Comment 15 for bug 1497428

Revision history for this message
Dan Streetman (ddstreet) wrote :

To clarify the bug, a bit of background is needed first (specific numbers apply only to this situation).

The kernel refers to all pages under a single PMD (midlevel page table) as a "pageblock". It's the same size as a hugepage, 2M. In the function triggering the BUG(), it's expecting that the start and end pages are inside the same zone, but that isn't the case so the BUG() is triggered. One function up, move_freepages_block(), is where the start and end PFNs are set; the function takes one page and calculates the start and end PFNs (which are aligned) that contain the provided page. It then verifies that both PFNs are inside the original page's zone, and passes the start/end pages to move_freepages().

The problem is that the zone's PFN range is wrong. In this particular case, the zone's memory ends in the middle of a pageblock, which is unusual. So when move_freepages_block() checks if the end PFN of the pageblock is inside the zone (i.e. < zone end PFN), it *should* fail, and cause the function to return. However, it doesn't fail, meaning the zone's end PFN is wrong, and when move_freepages() checks the page_zone() of the start and end pages, they don't match - because the end page isn't valid - and the BUG() is triggered.
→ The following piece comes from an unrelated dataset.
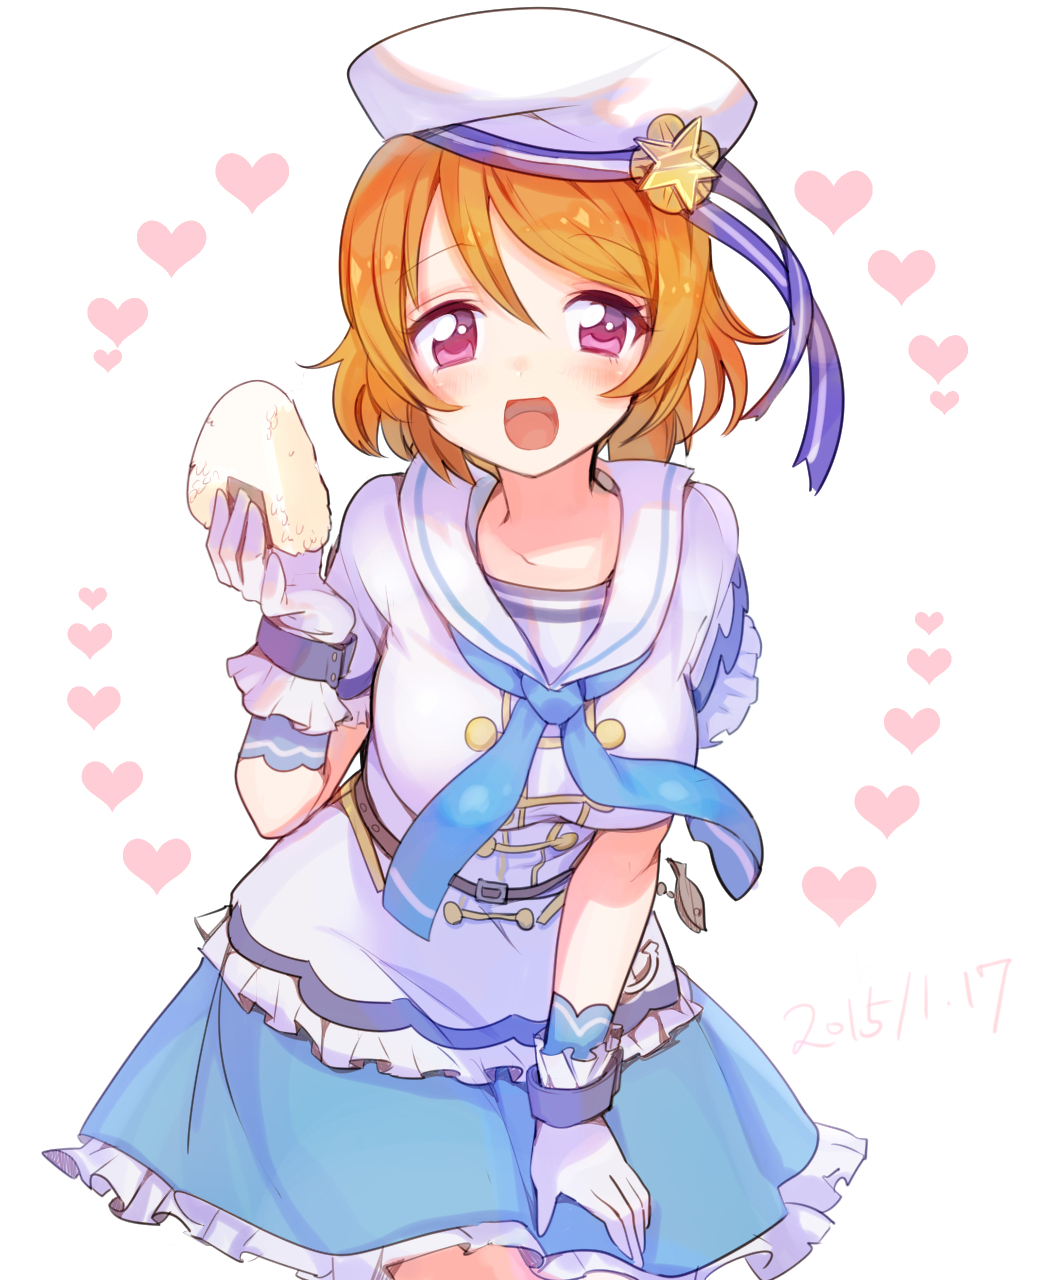 a_k_o blush brown_hair food gloves hat highres koizumi_hanayo looking_at_viewer love_live!_school_idol_project onigiri open_mouth short_hair skirt smile violet_eyes

In my testing, if I manually limit memory to end in the middle of a pageblock, the zone's end PFN is correctly set, so it seems that something is changing the zone PFN range (specifically the zone's spanned_pages value) at runtime - or, the particular environment for this bug is different that my test setup and getting the zone end PFN wrong somehow. I'm going to create a debug module that will jprobe these functions to check for this condition, and then print debug output and avoid the BUG().

As a workaround for this, if the amount of memory is set so that it ends at a multiple of the pageblock size (512 4k pages == 2M), this bug should not happen. On x86, the boot mem= param sets the maximum address, which should allow changing the zone's end pfn to be aligned with pageblock; e.g. if the dmesg e820 output lists the last line of the memory ranges as:

[ 0.000000] BIOS-e820: [mem 0x0000000100000000-0x00000003e08fffff] usable

then the last valid PFN is 0x3e08fffff, so the zone end pfn (1 more than last valid pfn) is 0x3e0900000, which isn't a multiple of the pageblock size (2M):

$ echo $[ 0x3e0900000 % (2 * 1024 * 1024) ]
1048576

In this example case, restricting the last 1M of memory by setting mem=0x3e0800000 should work around this bug - although since I can't reproduce it yet, I've no way to verify the workaround; and it may simply cause the bug to appear at a different location.